Kenzo, first Ugandan nominated for Grammy, had humble start
Eddy Kenzo doesn’t know exactly when he was born, a strange thread of personal history that finds himself at the heart of the Ugandan singer: a humble man who sometimes worries about what’s next.
And yet Kenzo, who became the first Ugandan-based singer to earn a Grammy nomination, continues to rise to heights that defy the expectations of him and his fans and rivals in the East African nation, where his work is sometimes questioned. , questioned.
Some Ugandans find his style of music playful and say he is not much of a singer. But others see in his experimentation the creative potential that marks him out as an artist of extraordinary gifts.
For Kenzo, any recognition of his work is a reminder of how far he has come.
“Honestly, I’m very overwhelmed. I’m also very nervous at the same time,” Kenzo said in an interview with the AP about his engagement. “I thank God that we made it.”
Kenzo’s “Gimme Love,” a collaboration with American singer Matt B that began with a chance meeting in Los Angeles, was nominated for a Grammy Award for Best World Music Performance.
Kenzo, whose real name is Idirisa Muswoza, won the 2015 BET Award for Best New International Artist, the first and only Ugandan to achieve the honor. This accolade followed her smash hit ‘Sitya Loss’ accompanied by a video of the dancing kids whose energetic performance caught the attention of global stars like Ellen DeGeneres.
The song was a reference to Kenzo’s own humble beginnings in a remote part of central Uganda, as a barely literate child who didn’t know where his next meal would come from. By his own account, Kenzo spent 13 years on the streets after losing his mother when he was only 4 years old.
He wanted to be a footballer and even got a scholarship to a boarding school based on his talent, but later gave it up and returned to the hustle that he says made him a man.
“I’m a nuisance,” he told the Associated Press. “This is a very big step for me, my family and the people of the ghetto, the squatters, the people who came from nothing. It gives us a lot of hope that anything is possible.”
He recorded his first single in 2008 and rose to fame in 2010 with the song “Stamina”, which was loved by politicians, lovers and others for its praise of youthful energy. In addition to winning awards, Kenzo is often invited to perform around the world.
Three days before he found out he had been nominated for a Grammy, Kenzo held a festival in Kampala attended by thousands of people, including the Prime Minister of Uganda. It was a proud moment for a singer whose music is often overlooked by local FM stations, who can make or break a song with their choice of DJs.

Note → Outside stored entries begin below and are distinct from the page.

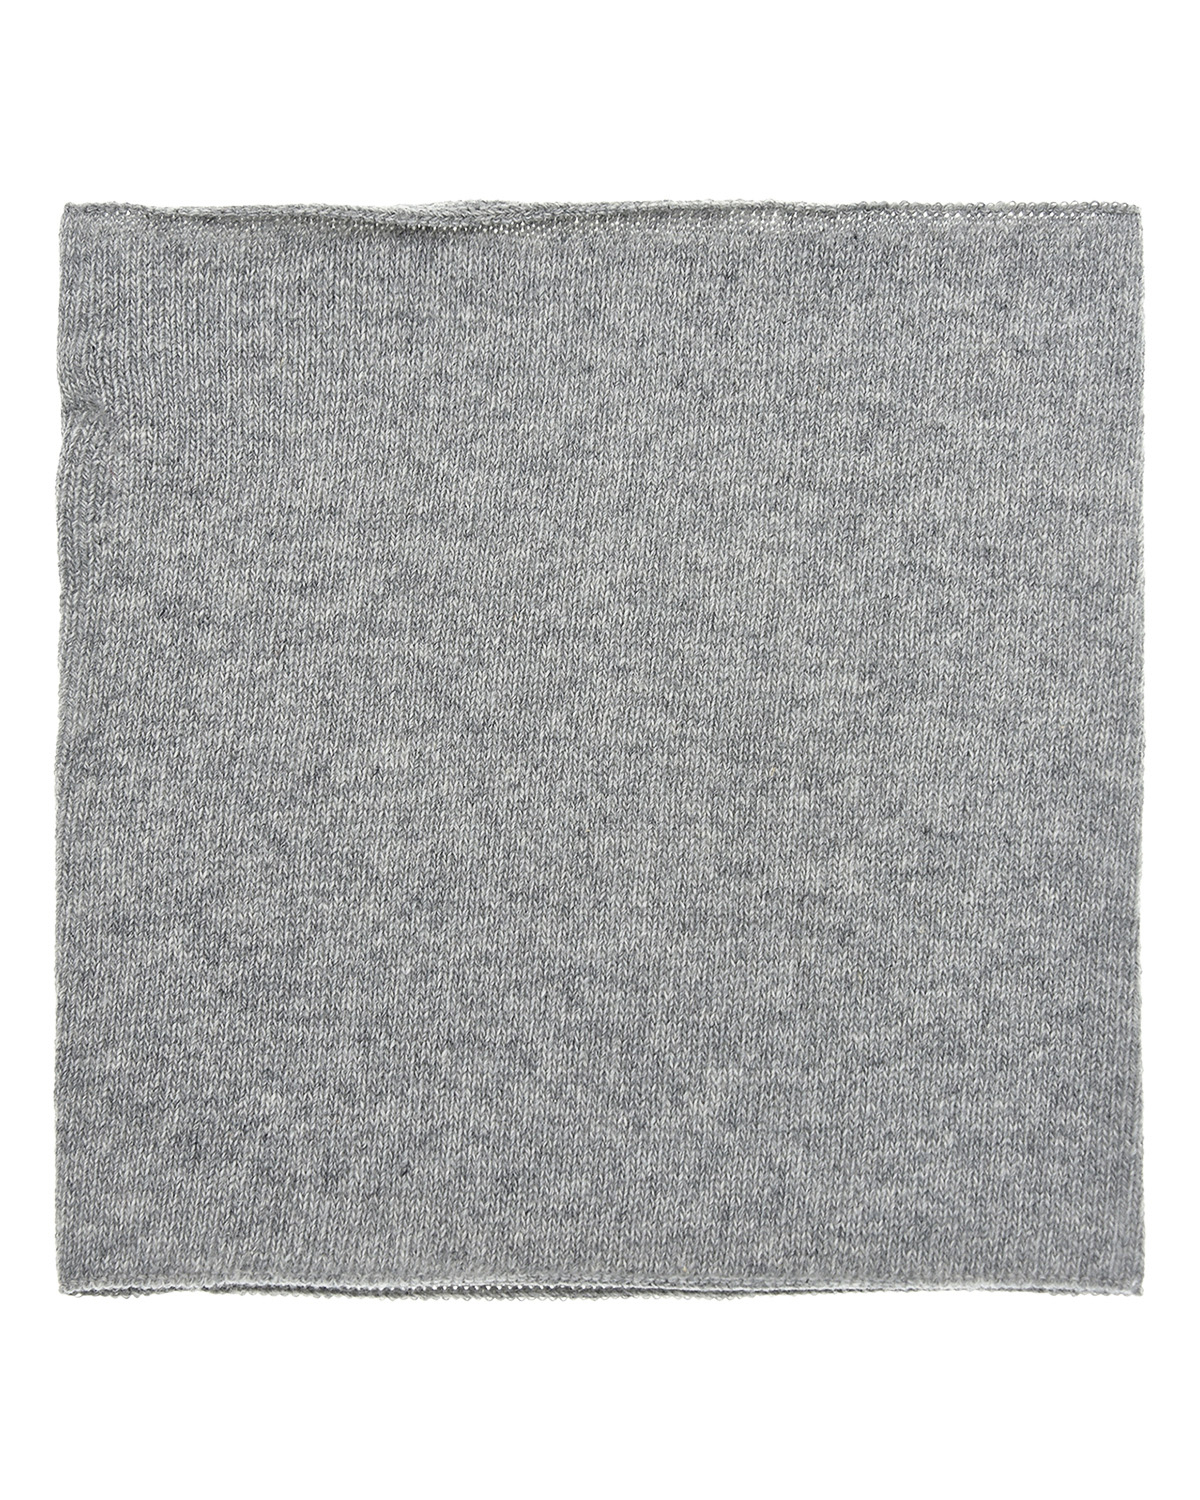 Серый шарф-ворот из шерсти и кашемира, 26x24 см Catya детский, размер unica - фото 2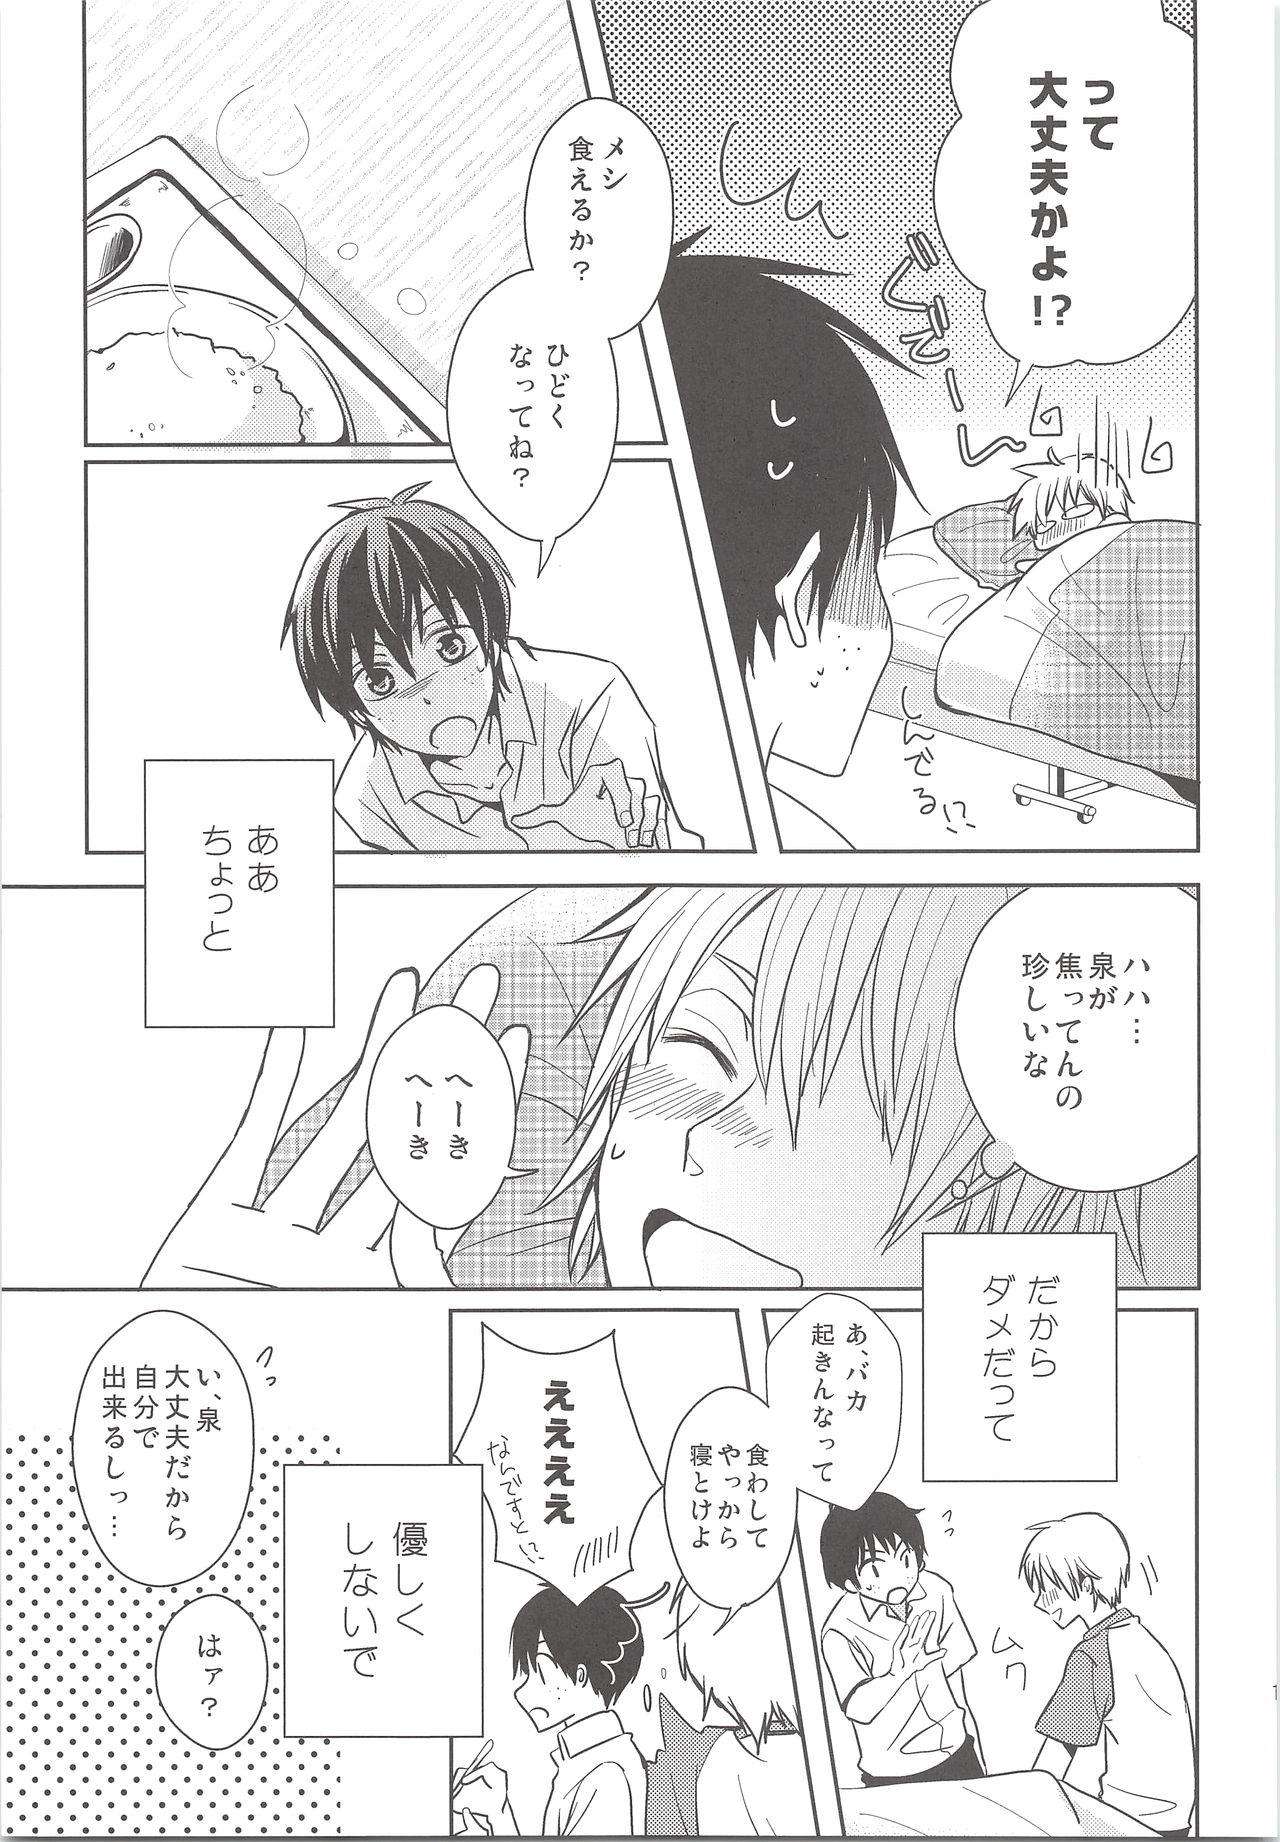 Fresh Natsu Kaze wa Baka ga Hiku! - Ookiku furikabutte 8teen - Page 10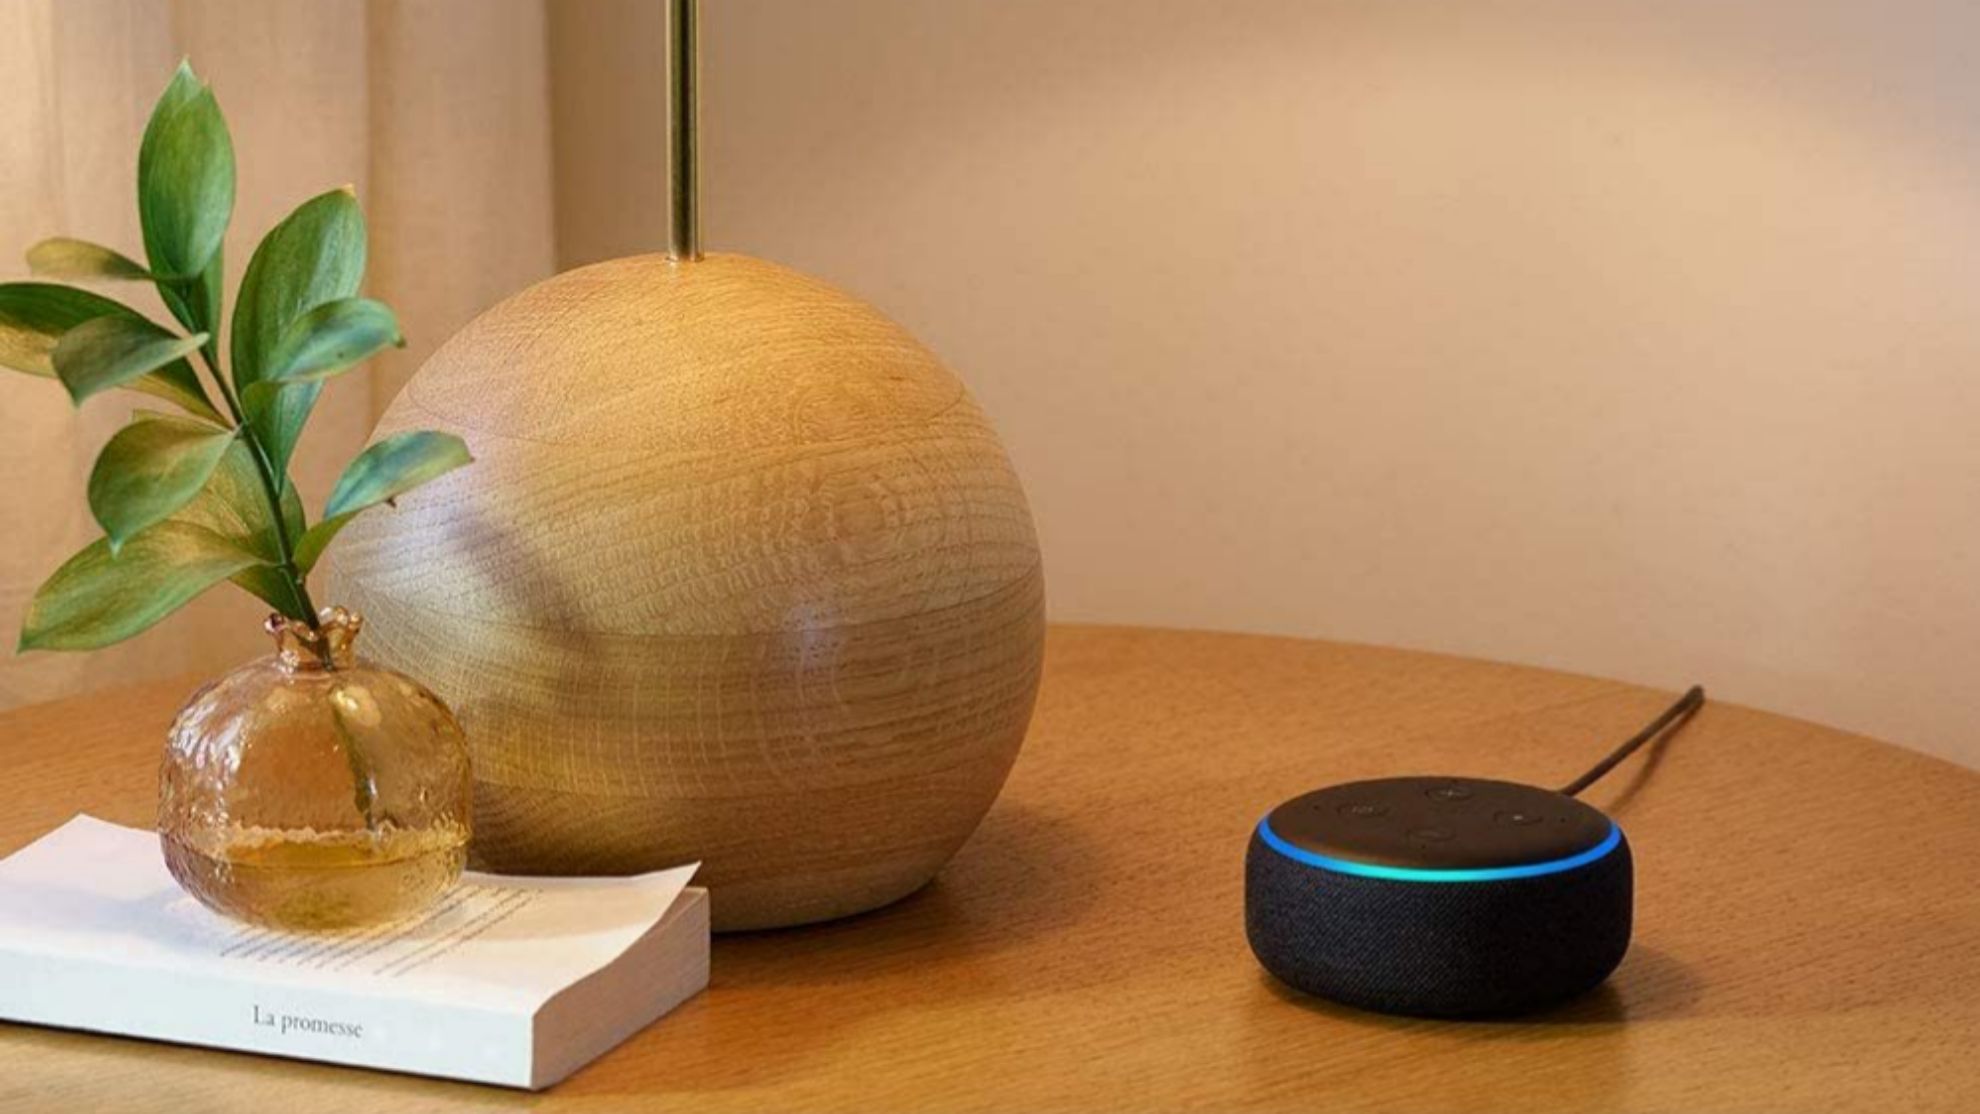 Oferta del día en : Echo Dot con Alexa al 42% de descuento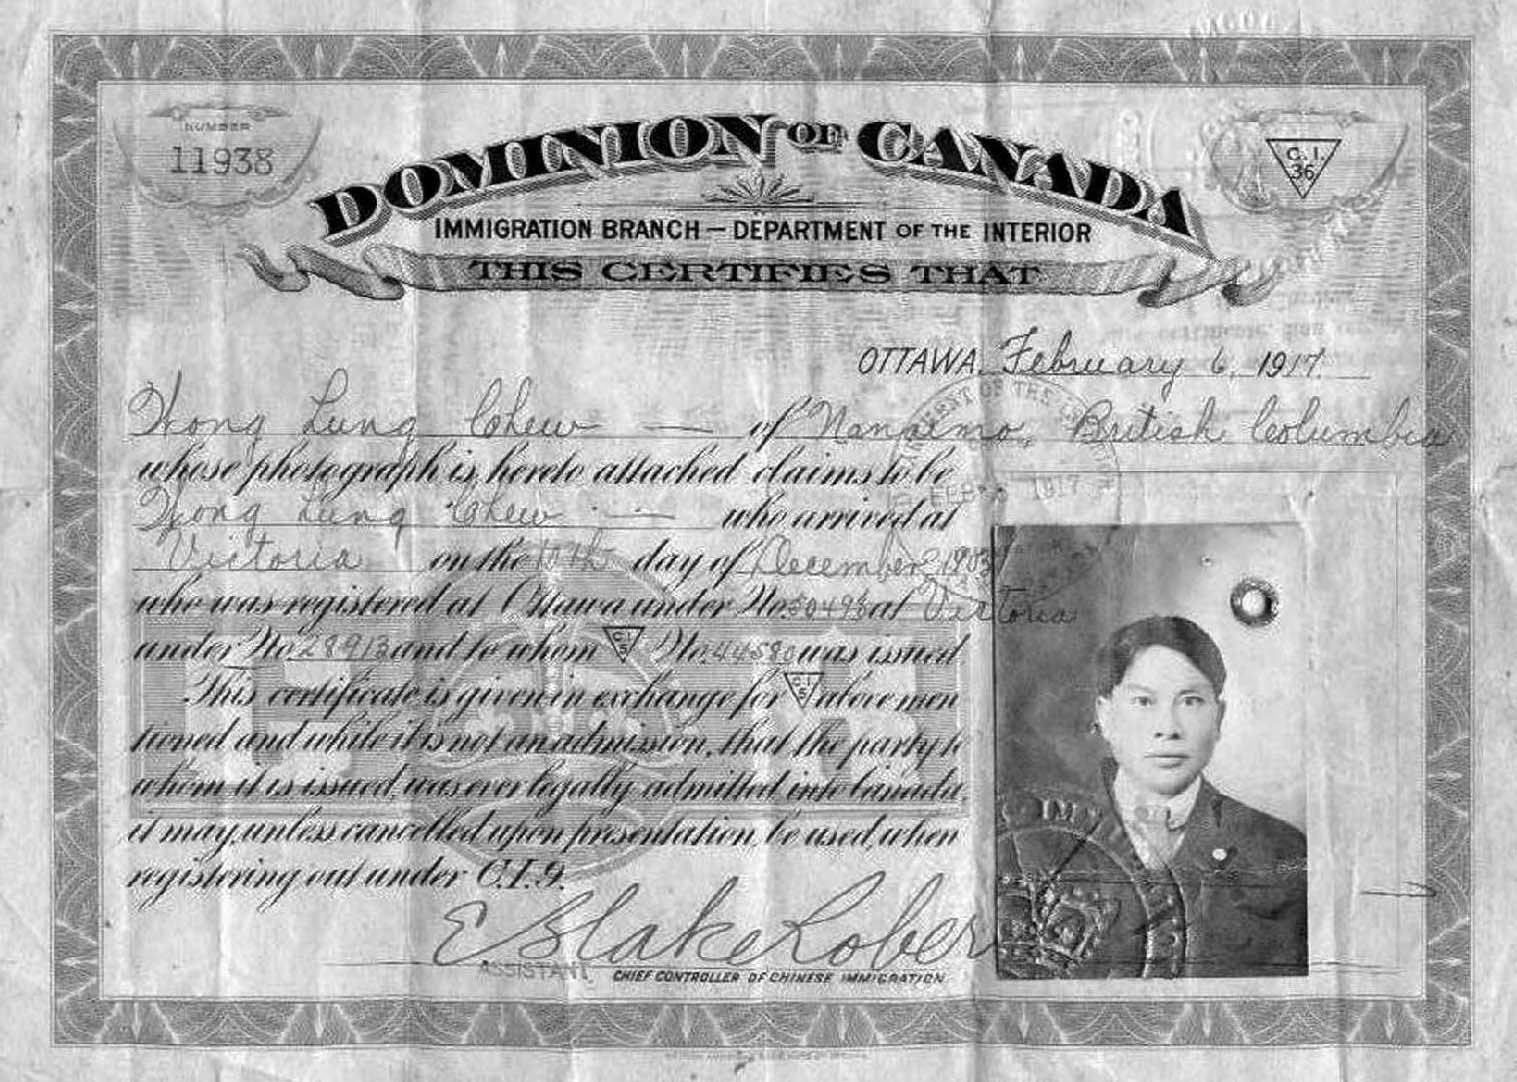 1917年加拿大华人身份证明(人头税证明)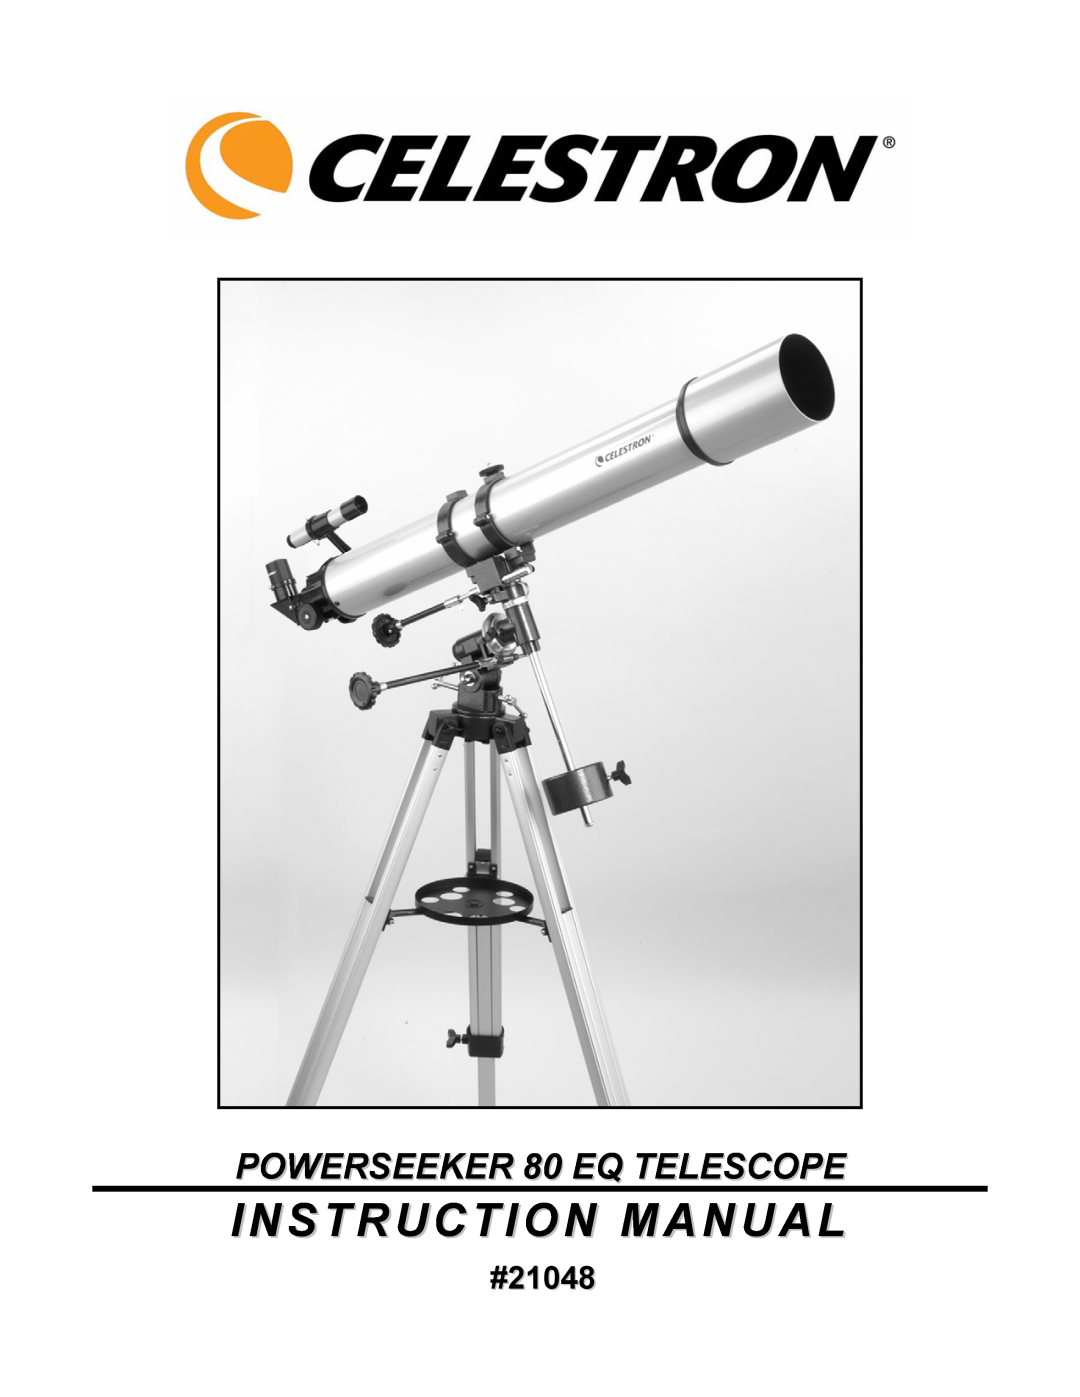 Celestron manual #21048, Instruction Manual, POWERSEEKER 80 EQ TELESCOPE

Even for Kenzo, there is a sense that he is more appreciated abroad than he is at home.
“My biggest fans are outside of Uganda because the world is bigger than Uganda. Uganda is just a small country,” he said thoughtfully.
Andrew Kagwa, arts reporter for the local newspaper Daily Monitor, described Kenzo as an enigma that “disrupted the industry in ways no one can explain.”
He spoke of Kenzo as a Ugandan singer who “refused to fail”. DJs may not like his music, but he has a loyal following and wins accolades despite his struggles.
“For some reason, things happen to Kenzo,” Kagawa said. “He just lets the awards, the accolades, speak for him.”